EV = Market Cap + Total Debt + Preferred Equity + Minority Interest-Cash & Cash Equivalents
EV / FCF = EV / FCF
FCF Yield on EV(%) = FCF / EV × 100

Example

Assume: Market Cap = $12,000,000,000; Total Debt = $4,000,000,000; Cash & Equivalents = $1,000,000,000; Minority Interest = $0; Preferred Equity = $0; Free Cash Flow (TTM) = $1,000,000,000.

Compute enterprise value:

EV = 12,000,000,000 + 4,000,000,000 + 0 + 0-1,000,000,000 = 15,000,000,000
Compute EV / FCF multiple: EV / FCF = 15,000,000,000 / 1,000,000,000 = 15x
Compute FCF yield on EV: FCF Yield on EV(%) = 1,000,000,000 / 15,000,000,000 × 100 = 6.67%

Frequently Asked Questions

Should I use TTM free cash flow or forward free cash flow for EV/FCF?

Use TTM for a clean “what the business generated in the last 12 months” snapshot (matches the field in this calculator). Use forward FCF only if you have a credible forecast—then compare forward-to-forward across peers, not forward-to-TTM.

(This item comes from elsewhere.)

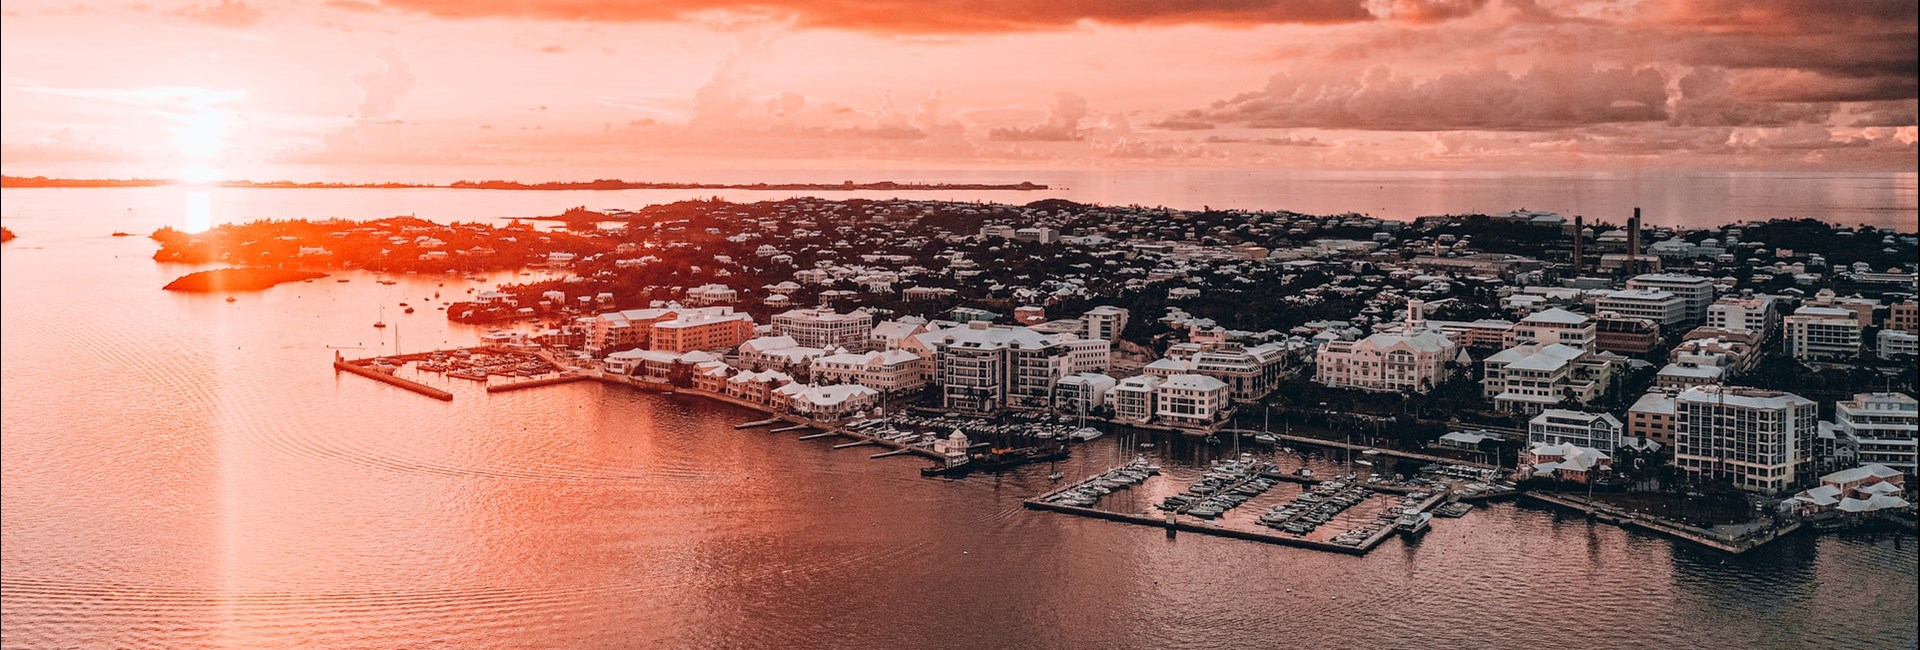 Aerial view of a red sun set in the distance above a town on the edge of an island

Why is my EV/FCF negative (or showing a weird number)?

EV/FCF turns negative when free cash flow is negative. It can also blow up when FCF is very close to zero—small denominator, huge multiple. In those cases, the “FCF Yield on EV” line is usually easier to interpret.

Do I need to include cash, debt, minority interest, and preferred equity in Enterprise Value?

Yes if you’re building EV from components. EV is meant to reflect the value of the whole business to all capital providers, so you add financing claims (debt, preferred equity, minority interest) and subtract cash & cash equivalents.

Is it okay to divide EV by “free cash flow to equity” (levered FCF)?

Not for clean comparisons. EV is a company-wide (capital-structure-neutral) value, so the most consistent denominator is unlevered free cash flow (cash flow available to all providers). If your FCF is equity-only, use an equity-only multiple (like P/FCF) instead.